Манюня начала что-то набирать на телефоне, а Наташа тем временем открыла фейсбук и посмотрела – Катюша в последний раз была в сети 19.34, 12 марта.
– Ну вот, пожалуйста. Что-то печатает.
Наташа не поверила и посмотрела в Манюнин телефон. Действительно, напротив имени Катюши в чате фейсбука горел красный огонек, но она набирала ответ. Манюня написала ей: «Привет! Твоя маман меня достала – испереживалась вся! Скажи мне, что с тобой все в поряде, а ей могешь не отвечать!».
Через секунду Катюша выдала: «Манюнь, привет! Можешь передать маме, что со мной все хорошо. Я в раю, в прямом смысле этого слова! Отдыхаю на Мальдивах со своим мч. Вернусь скоро, но домой не планирую. Если тебя не убьет это, то не говори ей, где я, пусть привыкает жить в мире, где не она все контролирует!». Манюня кивнула с видом «А я говорила!» и ответила: «Не буду тебе врать, она все прочитала».
Катюша ответила: «За что я тебя люблю – так это за честность. Привезу тебе магнитик отсюда. Ты бы видела это море, этот песок…»
– Не море, а океан, – машинально поправила Наташа. – Индийский океан. Спроси у нее, когда она летит обратно.
Маша с трагическим видом кивнула и напечатала: «Мама интересуется, когда ты обратно.
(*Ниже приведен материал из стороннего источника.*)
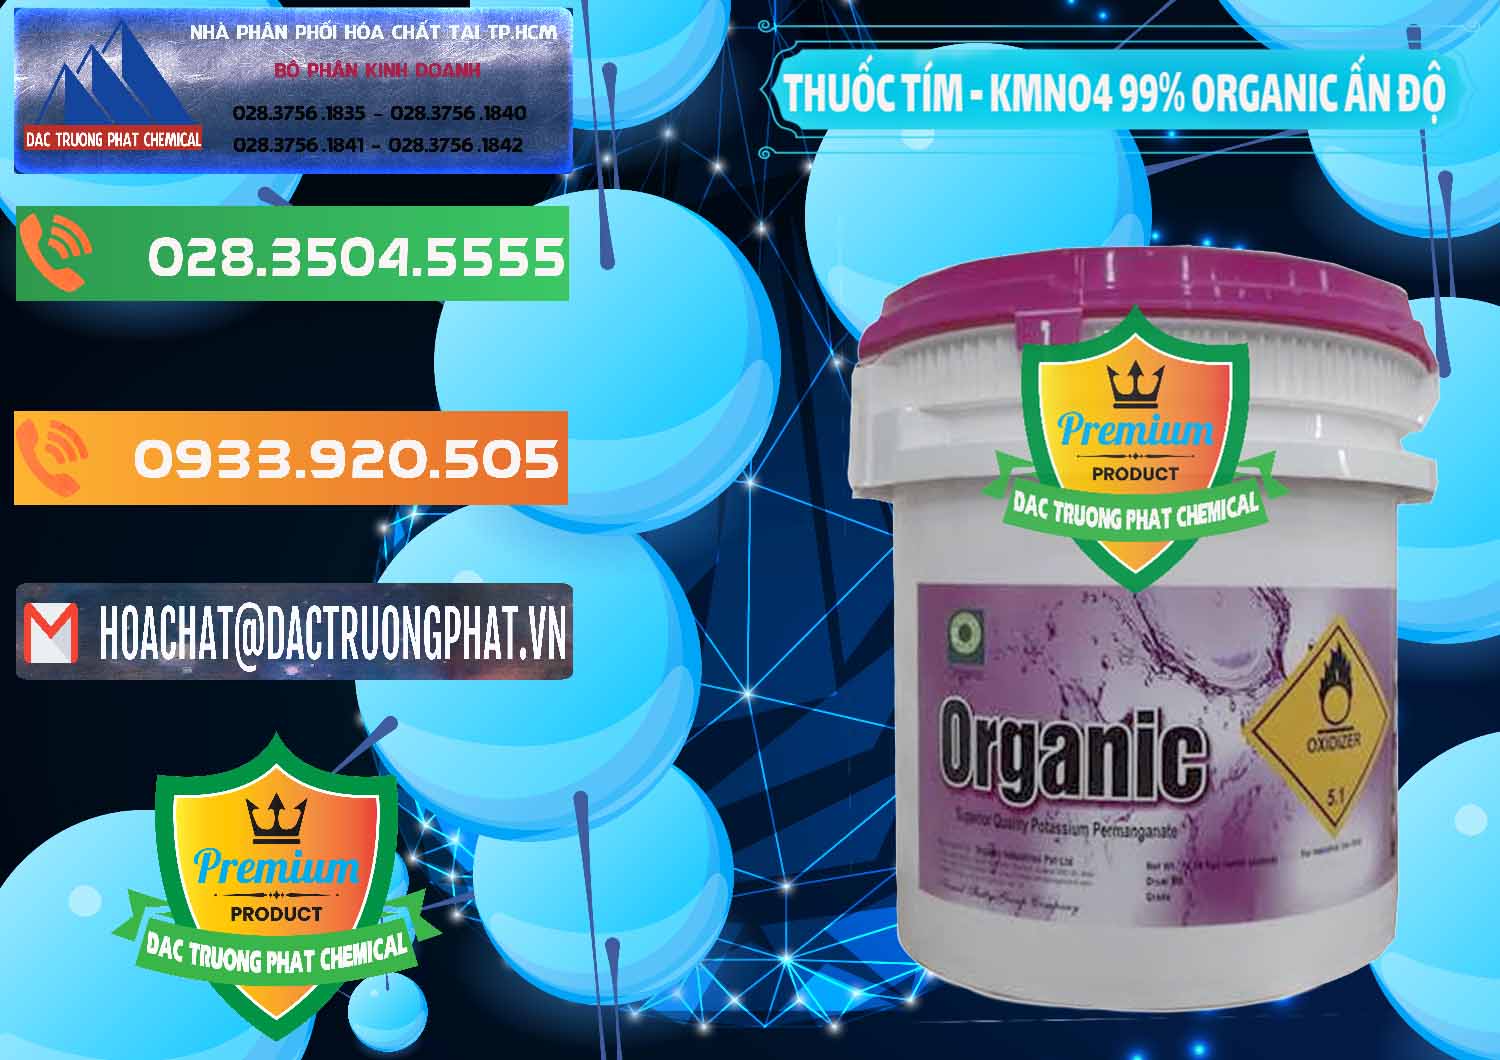 Nơi bán _ cung ứng Thuốc Tím - KMNO4 99% Organic Ấn Độ India - 0216 - Chuyên phân phối - nhập khẩu hóa chất tại TP.HCM - hoachatxulynuoc.com.vn

Если не хочешь, чтоб я написывала тебе каждый день, лучше скажи». Катюша ответила быстро: «17-го утром буду в Москве».
Наташа выдохнула. Опасений, конечно, не убавилось, но хотя бы что-то. Идеально было бы узнать, с кем она, где конкретно, и проверить – действительно ли все так, как говорит дочь. О пропавших деньгах Наташа совсем не думала. А смысл? Их уже нет, назад с дилеров долги не соберешь, вещи по их номинальной цене не продашь. Остается только махнуть рукой и выдрать космы Катюше, как только она явится домой.
Они с Манюней собирались укладываться спать, когда зазвонил телефон. Номер Наташе был незнаком.
– Наталья, здравствуйте, это Михаил, ассистент министра юстиции, – услышала она хорошо поставленный голос, который знала.
– Да, Михаил, добрый вечер.
– Я не знал, как вам позвонить… Вернее, конечно знал, и номер ваш у меня есть, и телефон пользоваться умею. Я просто не знаю, что делать со своими мыслями. Я не могу сказать это полиции, мне прежде нужно поговорить с вами.
– О чем?
– Вы были там, в Дубае. Вы должны помнить…
– Да, я помню ту поездку.
– Вот по этому поводу мне и нужно с вами поговорить. Меня вчера допрашивал следователь, неприятный тип… И он спрашивал о той поездке… С вами еще не говорил?
– Нет, а о чем ему со мной говорить?
– Я думаю, скоро он с вами свяжется. Мне кажется, я знаю, что случилось с Дмитрием… Я думаю, мне известно, кто его убил.
– Так сообщите следователю, Михаил! Вы просто не имеете права это скрывать!
– Ошибаетесь, Наталья, – ответил Михаил. – Если все так, как я думаю, то скрывать мне есть что.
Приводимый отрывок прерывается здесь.